Le collectif dénonce que pour «respecter les contrats signés avec les multinationales étrangères et de manière à satisfaire ses exigences premières, Sonatrach a décidé d'opérer le «fracking» en soutenant, par un renfort sécuritaire extraordinaire, l'entreprise Halliburton, en charge des hydro-fracturations assassines. Ni les risques avérés d'affecter la population d'un point de vue sanitaire, ni les conséquences environnementales néfastes et malheureusement définitives, sur l'eau et l'environnement, ni les photos et vidéos prises sur le site du forage et qui montrent à quel point l'inconscience, le laxisme et la gabegie règnent sur ses chantiers, ne fera reculer Sonatrach», ajoute le communiqué.

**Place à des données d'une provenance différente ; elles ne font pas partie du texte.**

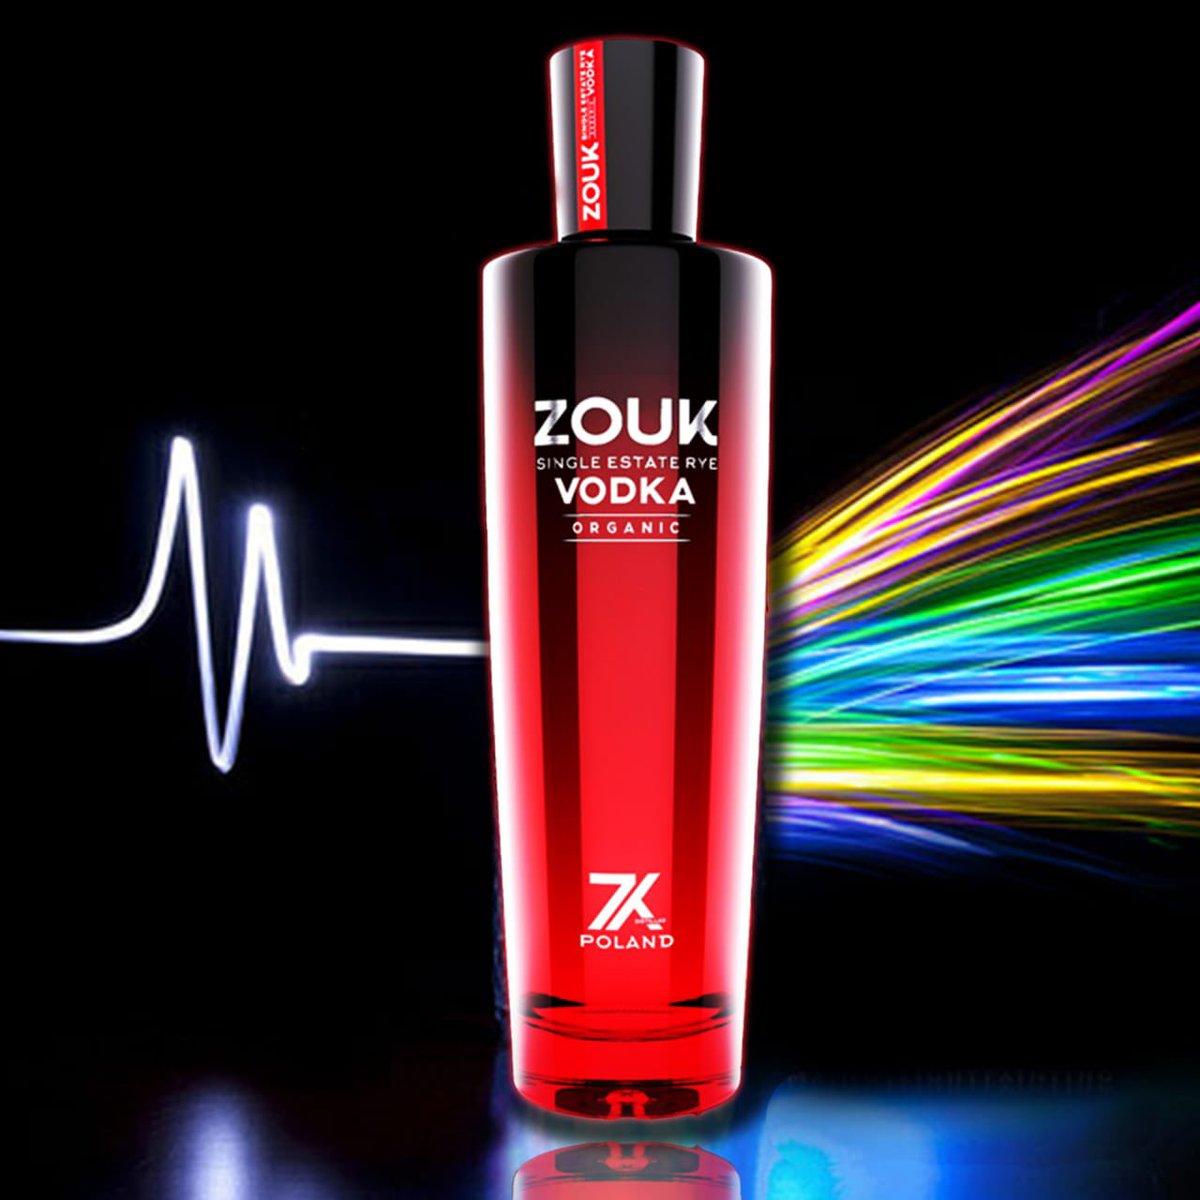 Tipsy Wednesday with Zouk Vodka   #zoukvodka #wednesdayvibes #vodka🍸 #eveningvibes

Par ailleurs, les habitants de In Salah, mobilisés au sein de ce collectif, annoncent que «nous, citoyens algériens de In Salah, avons décidé d'empêcher l'entreprise de fracturer, en construisant un barrage humain sur le site du forage et en barrant la route à Halliburton». Le communiqué ajoute, également, que «les renforts de gendarmes ne nous arrêteront pas, et nous n'utiliserons aucune violence. Nous sommes, depuis le premier jour, pacifiques, mais déterminés, même face aux forces sécuritaires qui, nous le savons, ne font qu'appliquer les ordres et qui sont déroutées, ayant conscience qu'il n'y a que des Algériens en face d'elles». Et puis, plus pratique, le collectif appelle la société civile française à se mobiliser pour dénoncer les agissements irresponsables de Total et Shlumberger, en Algérie. «Sachant que le commanditaire de ces projets est le gouvernement français, représenté sur place, par Total et Schlumberger, nous lançons un appel à la société civile française, afin qu'elle fasse pression sur son gouvernement et qu'il renonce à ses expérimentations sur notre population et notre environnement».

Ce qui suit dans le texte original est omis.